What Qualifies as a “Mental Disease or Defect” for the Insanity Defense?
While any mental or medical condition could theoretically serve as a basis for an insanity defense, the law limits the conditions that can be considered for that purpose. These restrictions are aimed at insuring that only those who truly deserve to be relieved of responsibility are eligible for it. To that end, voluntary intoxication is excluded, as are conditions that have antisocial behaviors as their primary characteristic, e.g. kleptomania, pyromania, and pedophilia and appear to have no physiological basis.

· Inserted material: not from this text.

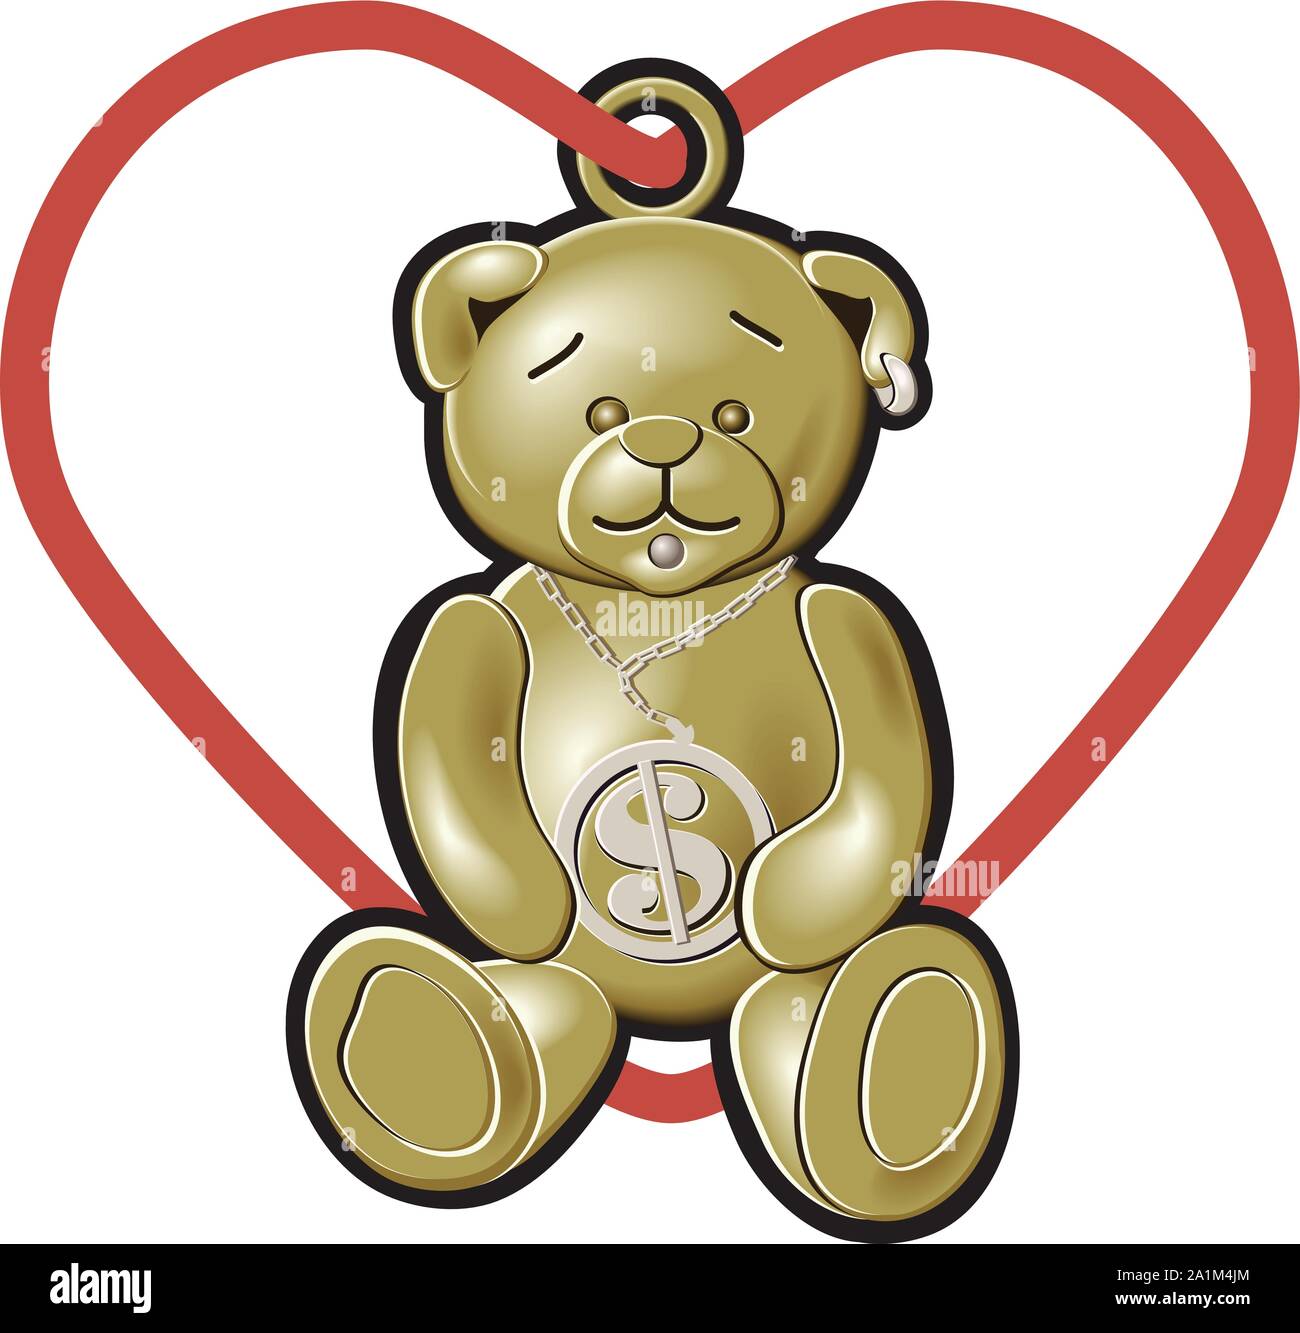 Un ours charme en Or & Argent avec un cœur rouge chaîne mise en forme d'exécution à travers une boucle sur le dessus Illustration de Vecteur
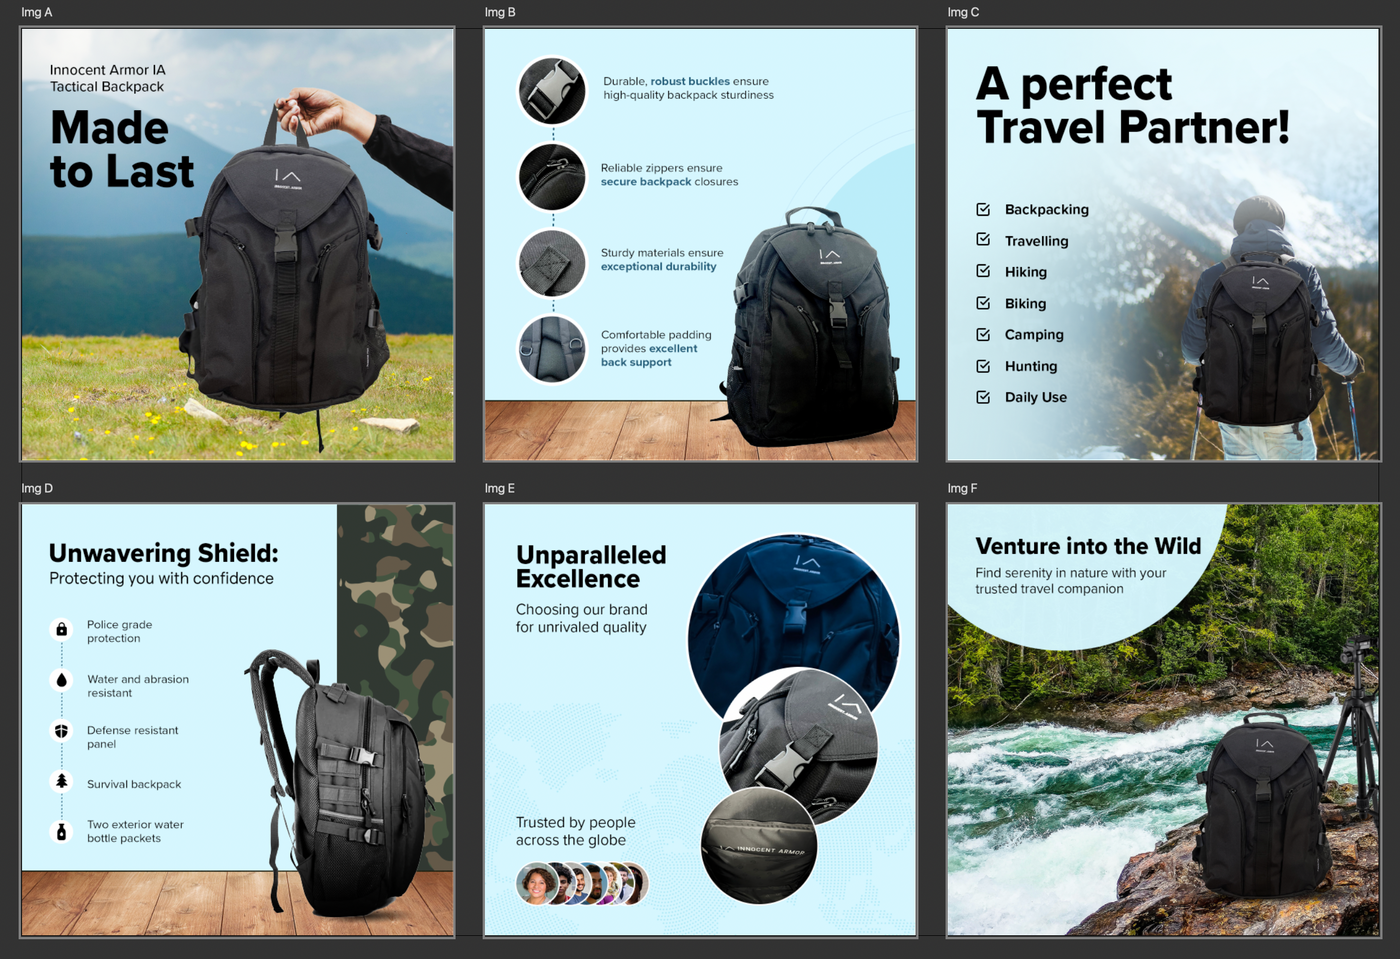 Bulletproof Durable Essentials Backpack

Some legal standards require that the mental illness serving as the basis for the defense be “severe.”

Not every condition that qualifies to be the basis for an insanity defense has an equal chance of succeeding in achieving an acquittal. Those that succeed tend to be marked by either severity or evidence that they arise from a physiological, as opposed to a purely psychological, disorder. These are, for example, mental illnesses that severely affect a person’s perception of reality or, in some jurisdictions, ability to control their behavior. They include psychoses, severe depression, mania, or anxiety disorders like posttraumatic stress disorder (PTSD). An argument that an act of violence was the result of a traumatic brain injury causing irritability and poor impulse control is more likely to be convincing than the assertion that the violence arose from personality disturbance.